ML-Powered Gas Sensors to Detect Pathogens and AMR at POC
Posted on 24 Jul 2025
Fast and accurate diagnosis is critical to improving patient care and combating the global threat of antimicrobial resistance (AMR). Traditional diagnostic methods for infections, such as gas chromatography-mass spectrometry and proton transfer reaction–mass spectrometry, while effective, are expensive, technically demanding, and unsuitable for point-of-care settings. Interpreting volatile organic compounds (VOCs)—the unique chemical signatures emitted by microbes and infected tissues—can be challenging due to their complexity and overlap. Moreover, these VOC signals are often influenced by environmental variables, which adds to diagnostic inaccuracy. A report published in Cell Biomaterials explores the use of sensor systems combined with advanced computational models to detect and classify microbial VOCs with high precision.
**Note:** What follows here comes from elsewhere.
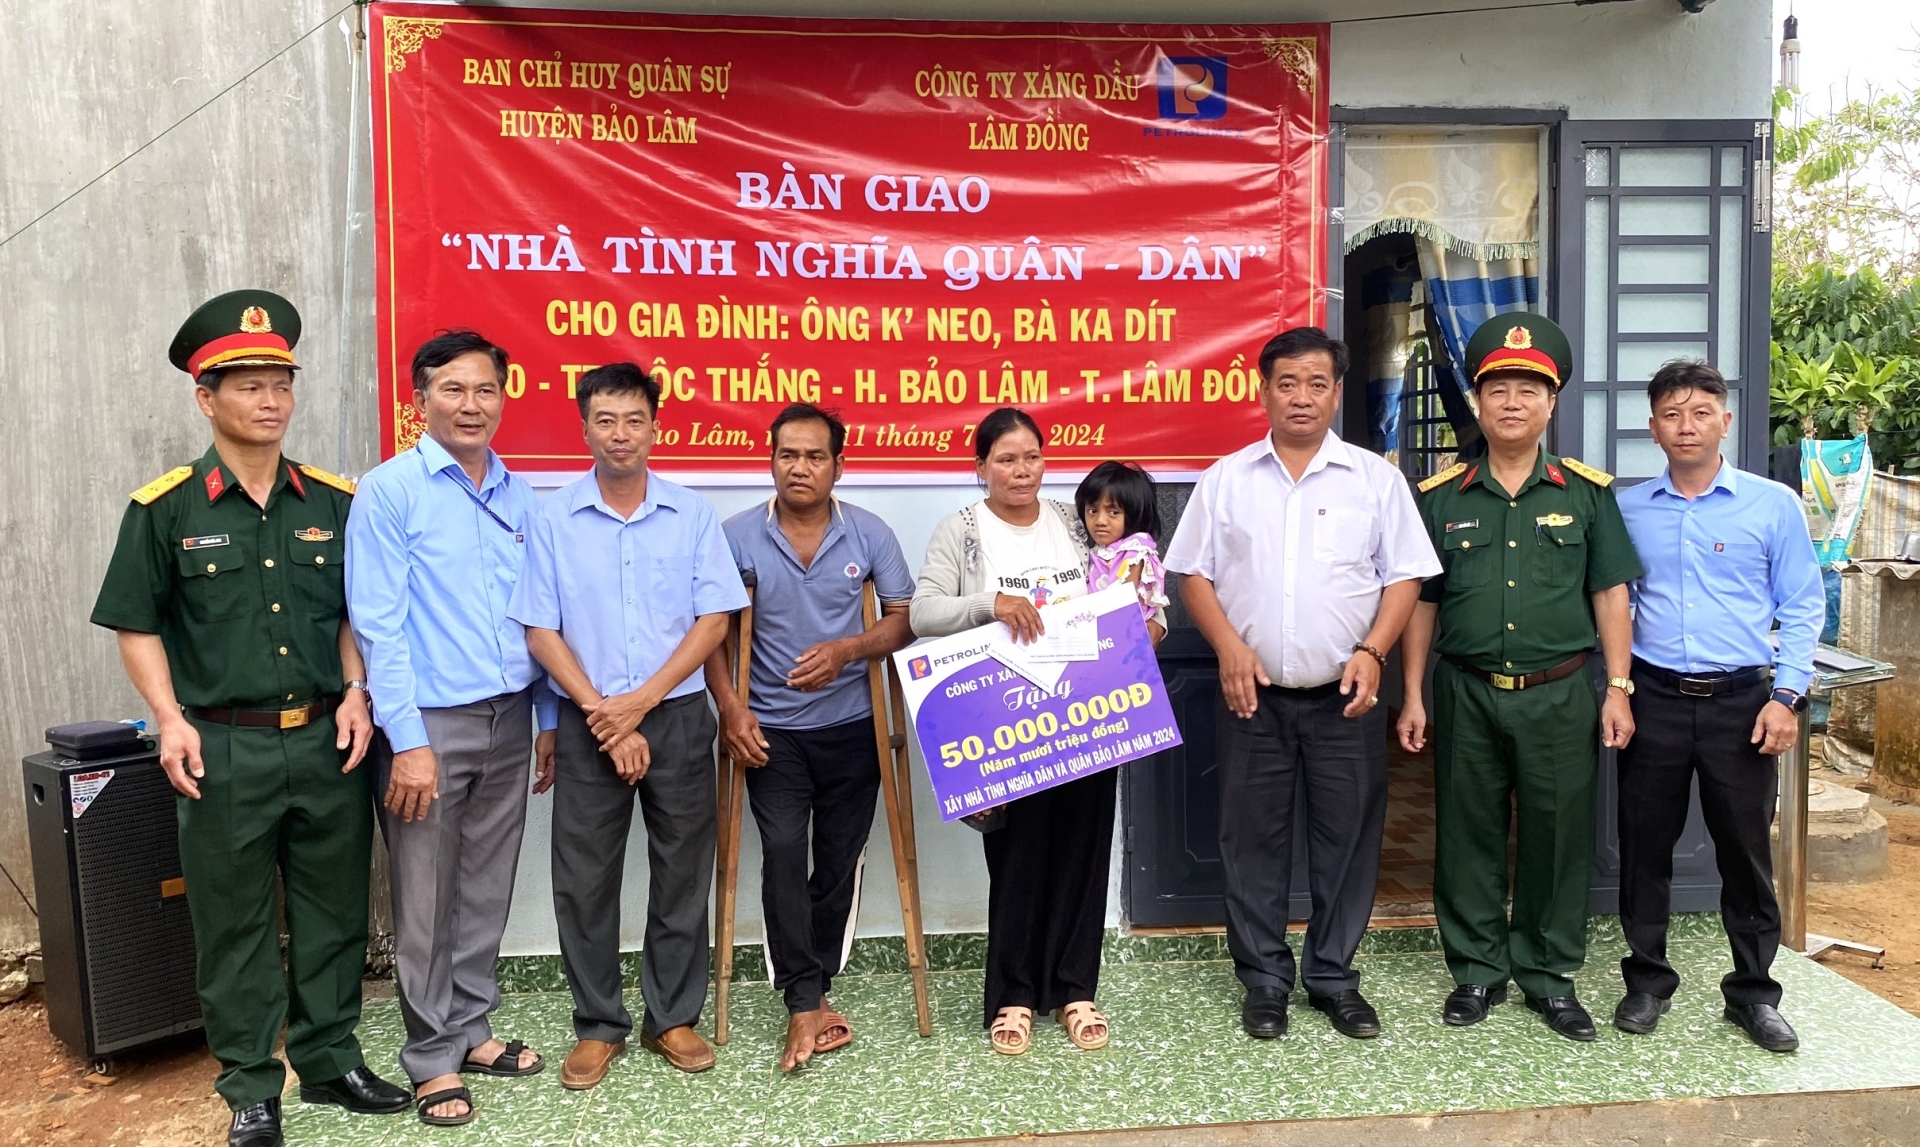 Ban Chỉ huy Quân sự huyện Bảo Lâm và đại diện Công ty Xăng dầu Lâm Đồng trao biểu trưng hỗ trợ xây dựng nhà cho gia đình ông KNeo, bà KDít

This report by researchers at ETH Zurich (Zurich, Switzerland) presents a promising approach that combines gas sensors and machine learning for real-time infection diagnosis. The report explores how gas sensors made from nanostructured metal oxides, conductive polymers, and hybrid composites could offer a compact, affordable, and practical solution for detecting VOCs. These sensors measure changes in electrical resistance or conductance when exposed to microbial byproducts. To decode the complex patterns produced by VOCs, the researchers assessed the viability of integrating machine learning algorithms such as support vector machines (SVM), random forests, long short-term memory (LSTM) neural networks, and gradient boosting to classify sensor data and improve diagnostic accuracy. The models were assessed across bacterial cultures, infected tissues, and clinical biofluids such as urine and blood, demonstrating its ability to distinguish bacterial species and differentiate between drug-resistant and susceptible strains.
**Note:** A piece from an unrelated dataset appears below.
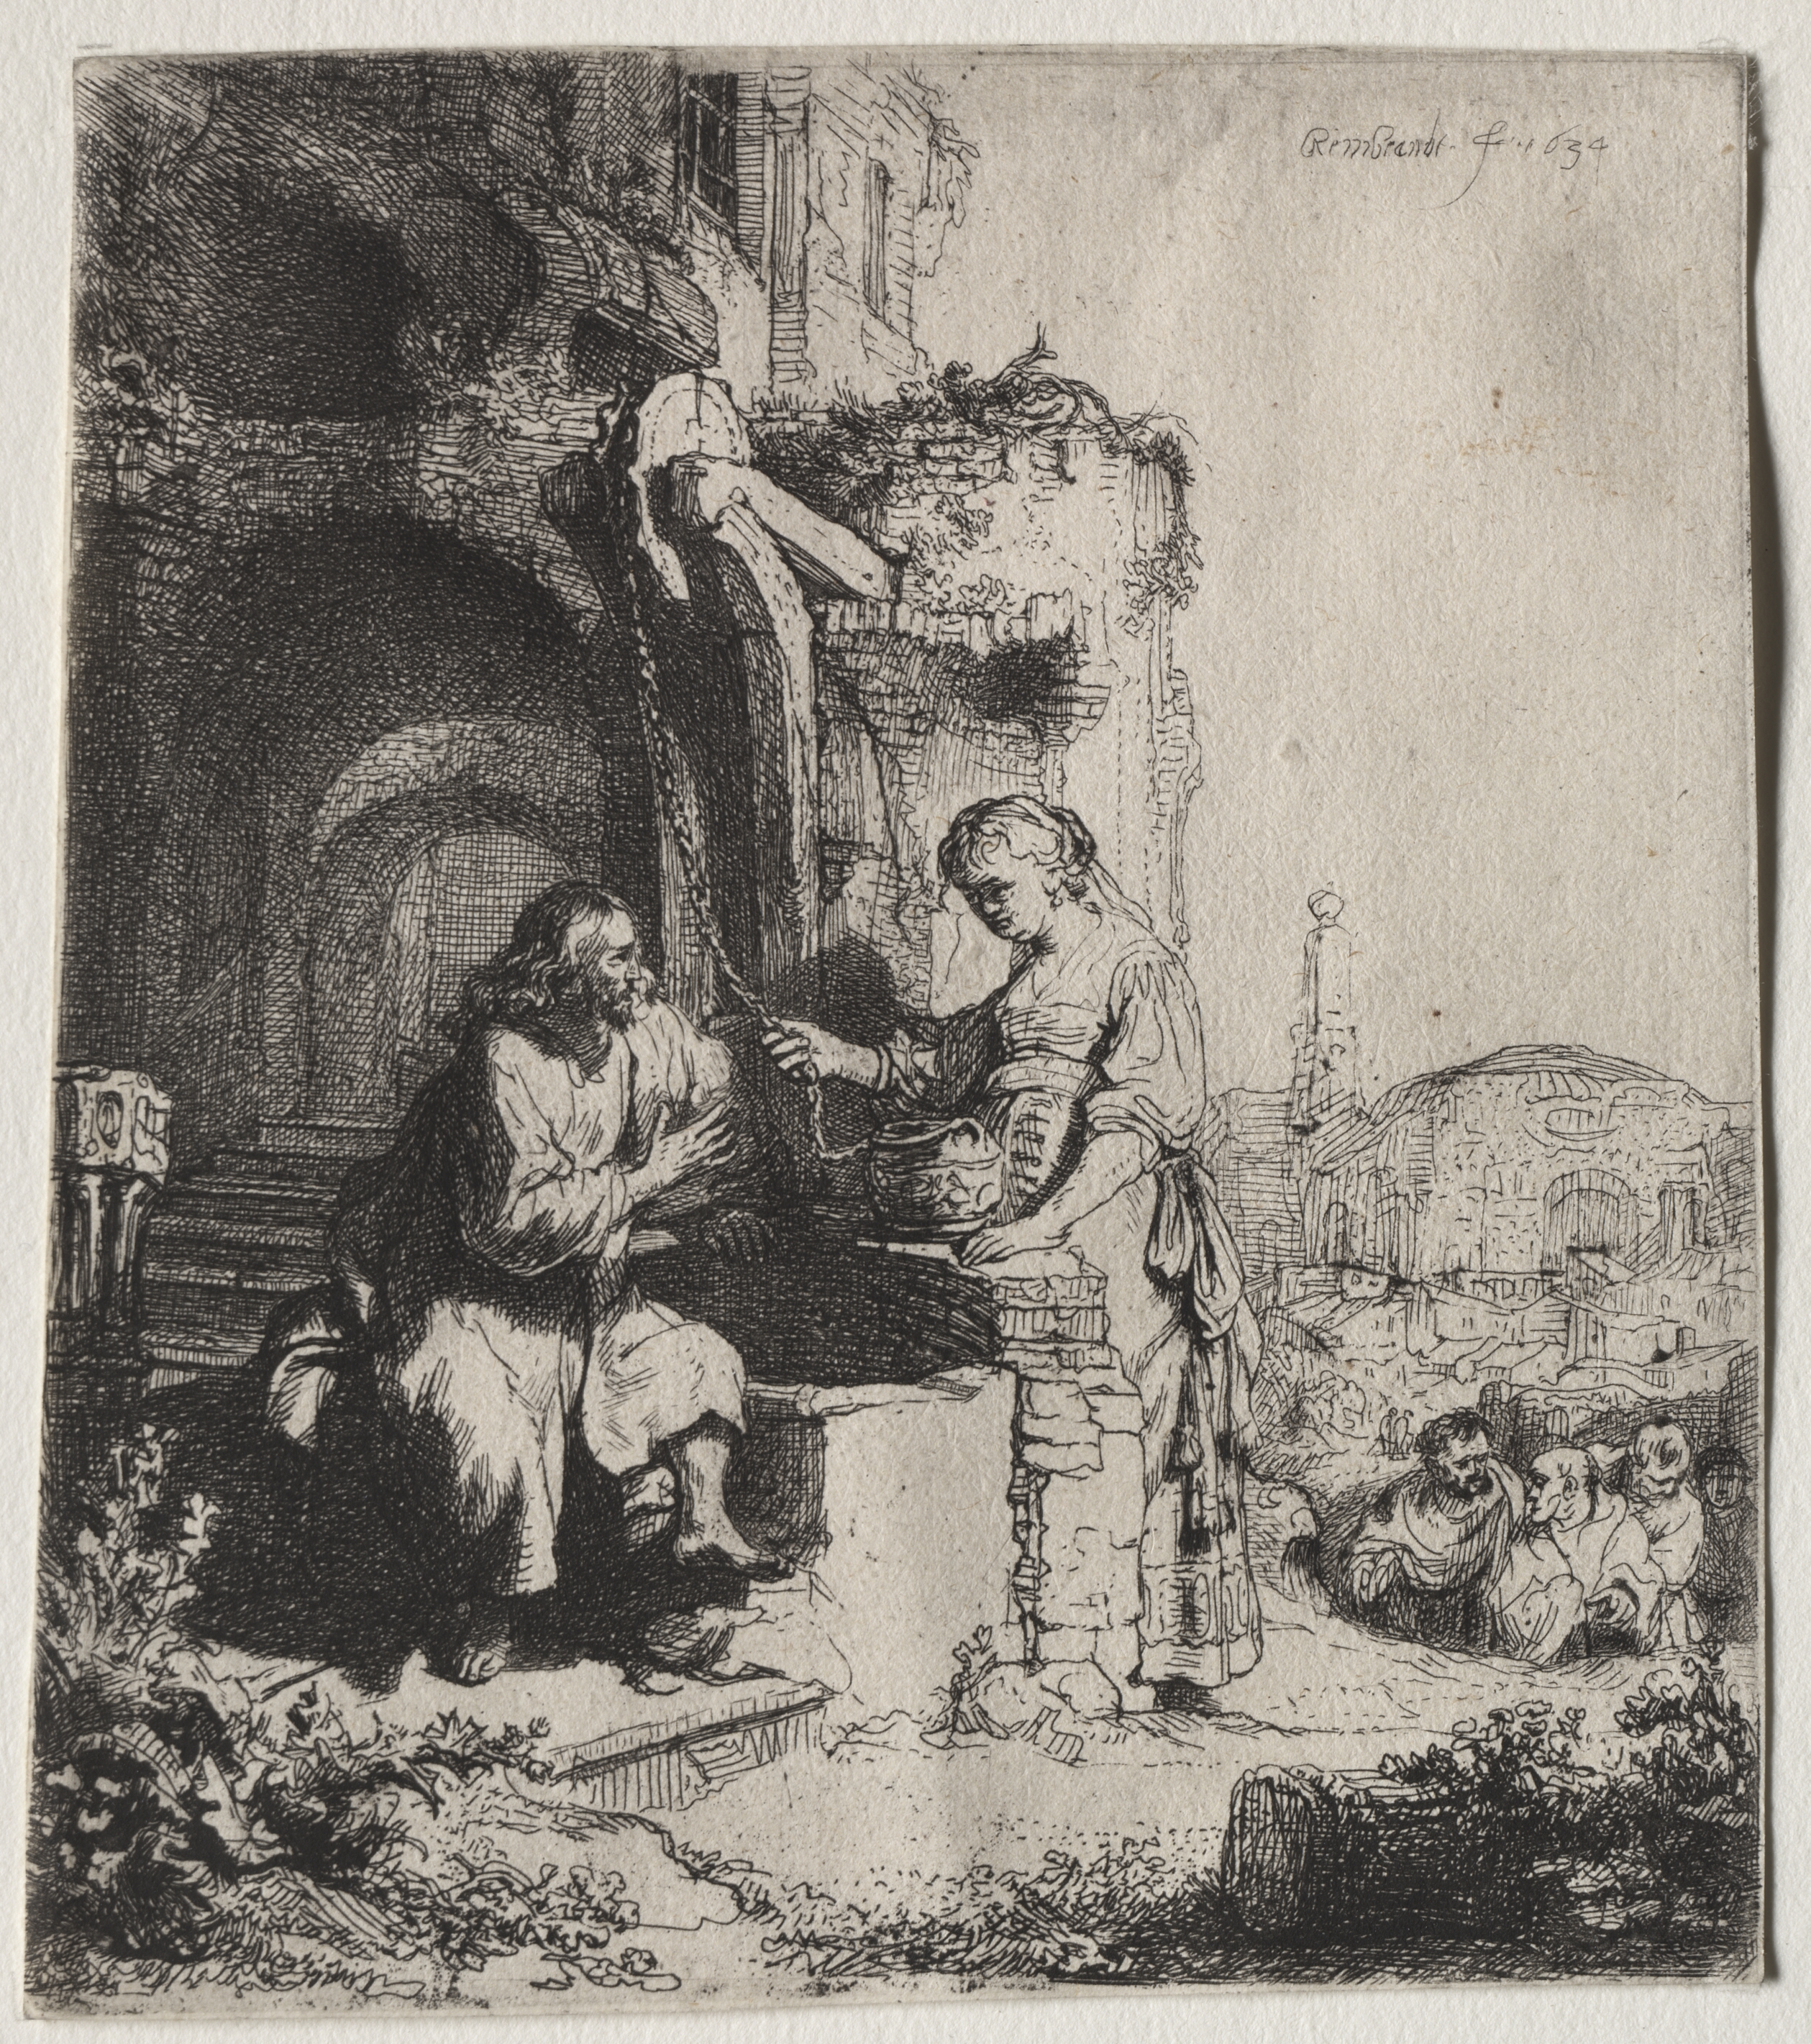 Christ and the Woman of Samaria  Among Ruins

The team compiled findings from recent studies that tested these sensor-ML systems on bacterial cultures, infected tissue samples, and clinical biofluids such as urine and blood. The systems achieved high sensitivity and specificity, accurately identifying pathogens like Escherichia coli and Staphylococcus aureus, as well as detecting resistance profiles such as those involving extended-spectrum beta-lactamases. The researchers have emphasized the need for training these machine learning models on comprehensive datasets that reflect clinical variability to ensure robust performance. Ongoing efforts include miniaturizing devices for point-of-care use, functionalizing sensor surfaces, and mitigating environmental interference such as humidity and temperature. Although further development and clinical validation are necessary, these systems offer a clear path toward noninvasive, rapid diagnostics that can complement laboratory methods and support better antimicrobial stewardship.